For that Users need to sollicit a routable network with farmers that provide such a service.
### Global registry for network resources. (`GRNR`?)
Threefold through BCDB shoud keep a store where Farmers can register also a network service for Tenant Network (TN) reachablility.
In a network transaction the first thing asked should be where a user wants to purchase it's transit. That can be with a nearby (latency or geolocation) Exit Provider (can e.g. be a Farmer), or with a Exit Provider outside of the geolocation for easier routing towards the primary entrypoint. (VPN-like services coming to mind)
With this, we could envision in a later stage to have the Network Resources to be IPv6 multihomed with policy-based routing. That adds the possibiltiy to have multiple exit nodes for the same Network, with different IPv6 routes to them.
### Datastructure
A registered Farmer can also register his (dc-located?) network to be sold as transit space. For that he registers:
- the IPv4 addresses that can be allocated to exit nodes.
- the IPv6 prefix he obtained to be used in the Grid
- the nodes that will serve as exit nodes.

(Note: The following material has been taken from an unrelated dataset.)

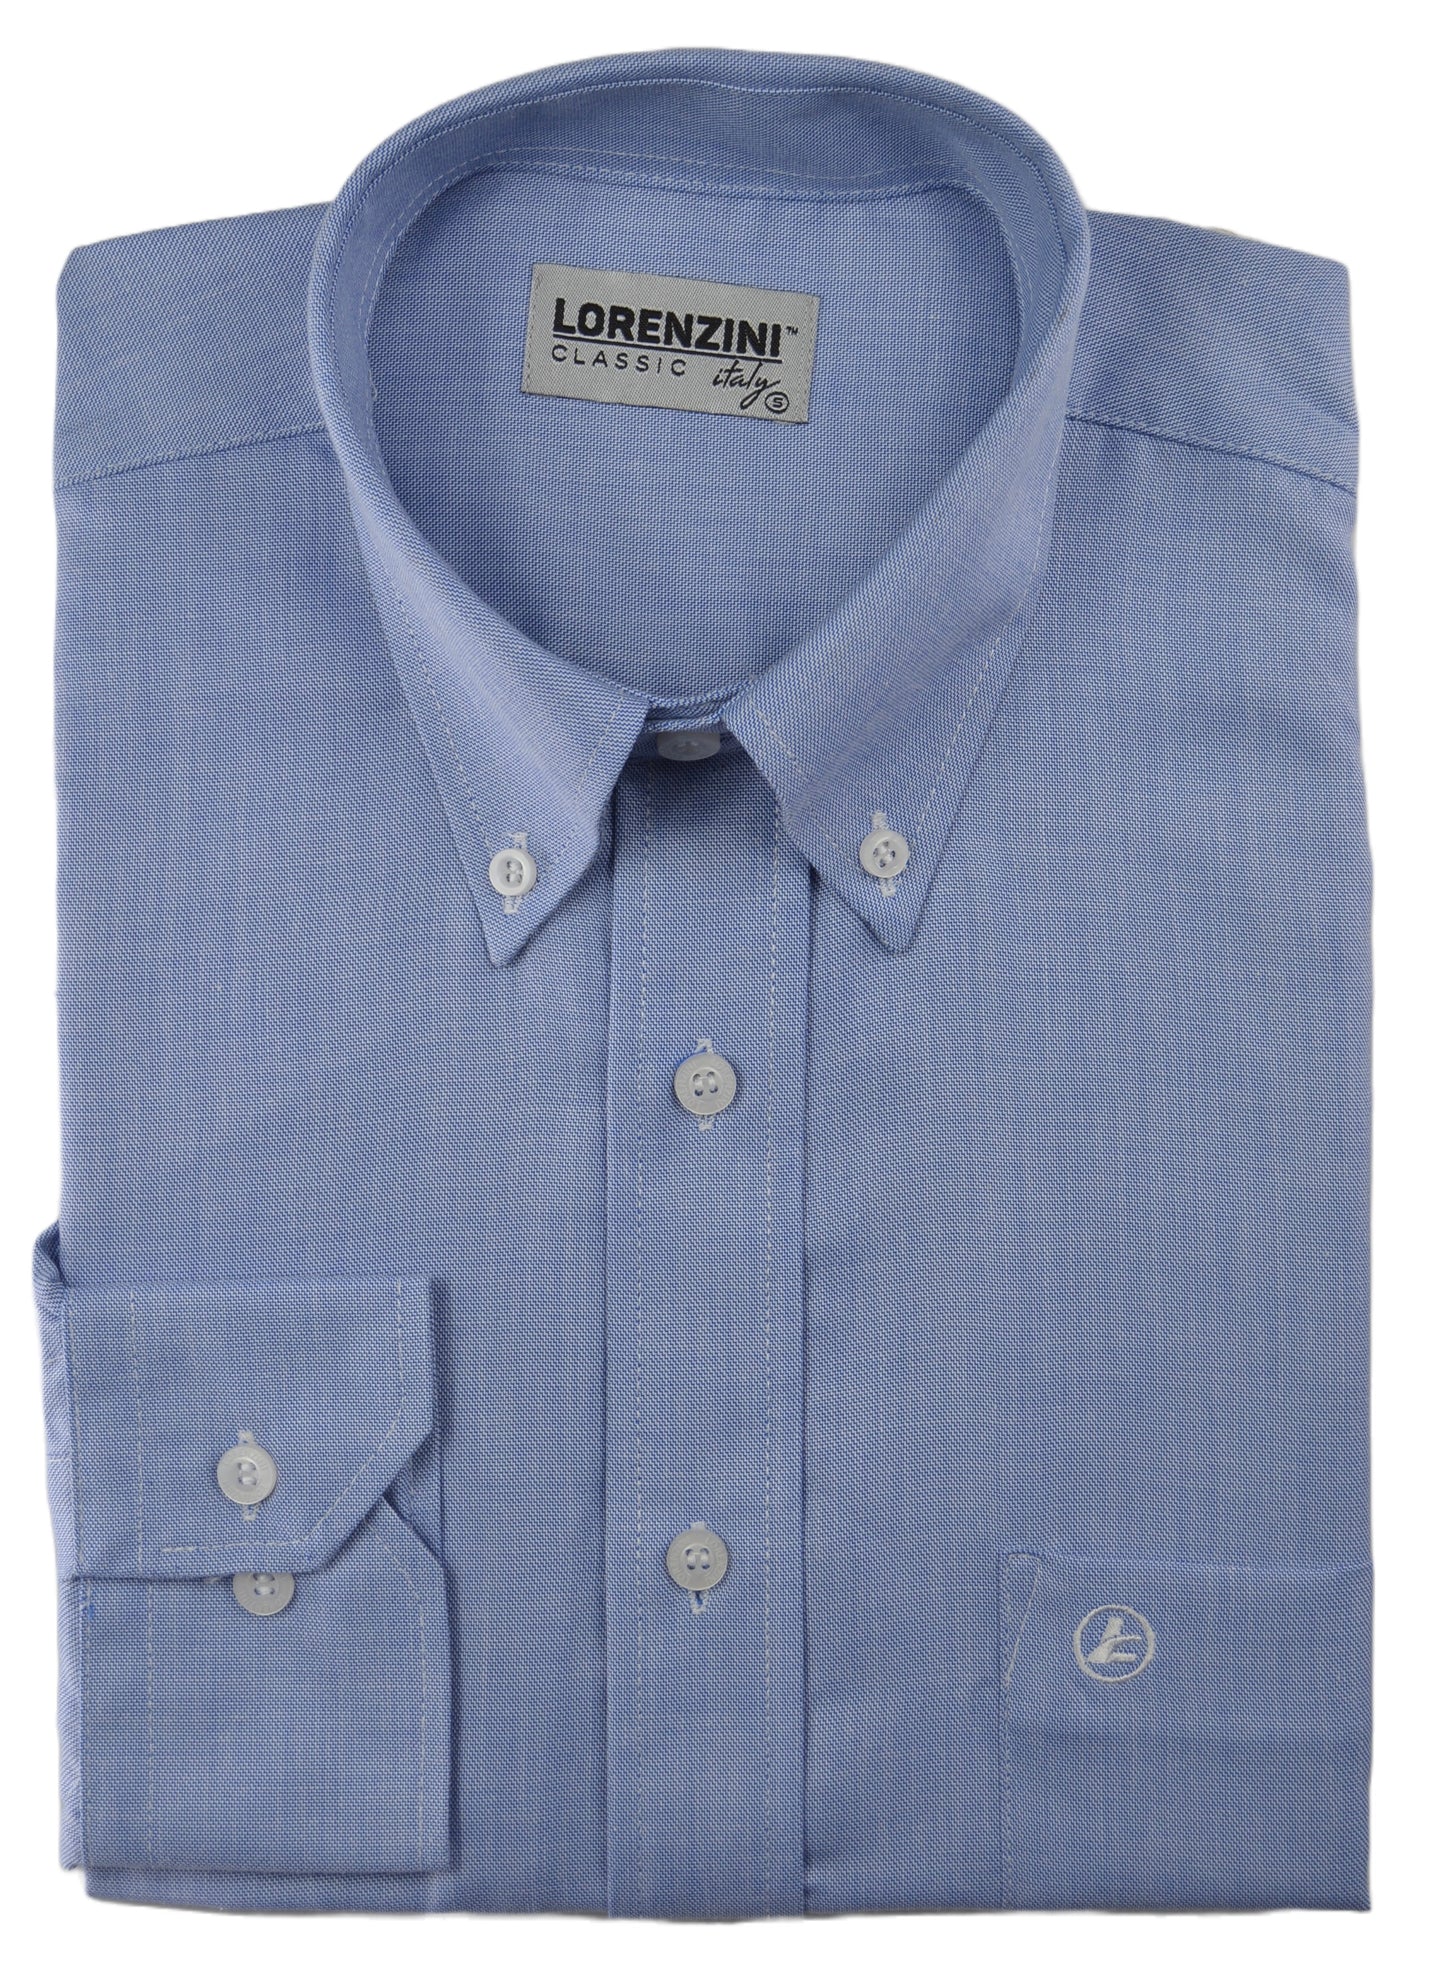 Lorenzini Classic Oxford Blue Shirt

These nodes need to have IPv[46] access to routable address space through:
- Physical access in an interface of the node
- Access on a public `vlan` or via `vxlan / mpls / gre`
Together with the registered nodes that will be part of that Public segment, the TNoDB (BCDB) can verify a Network Object containing an ExitPoint for a Network and add it to the queue for ExitNodes to fetch and apply.
Physcally Nodes can be connected in several ways:
- living directly on the Internet (with a routable IPv4 and/or IPv6 Address) without Provider-enforced firewalling (outgoing traffic only)
- having an IPv4 allocation --and-- and IPv6 allocation
- having a single IPv4 address --and-- a single IPv6 allocation (/64) or even (Oh God Why) a single IPv6 addr.
- living in a Farm that has Nodes only reachable through NAT for IPv4 and no IPv6
- living in a Farm that has NAT IPv4 and routable IPv6 with an allocation
- living in a single-segment having IPv4 RFC1918 and only one IPv6 /64 prefix (home Nodes mostly)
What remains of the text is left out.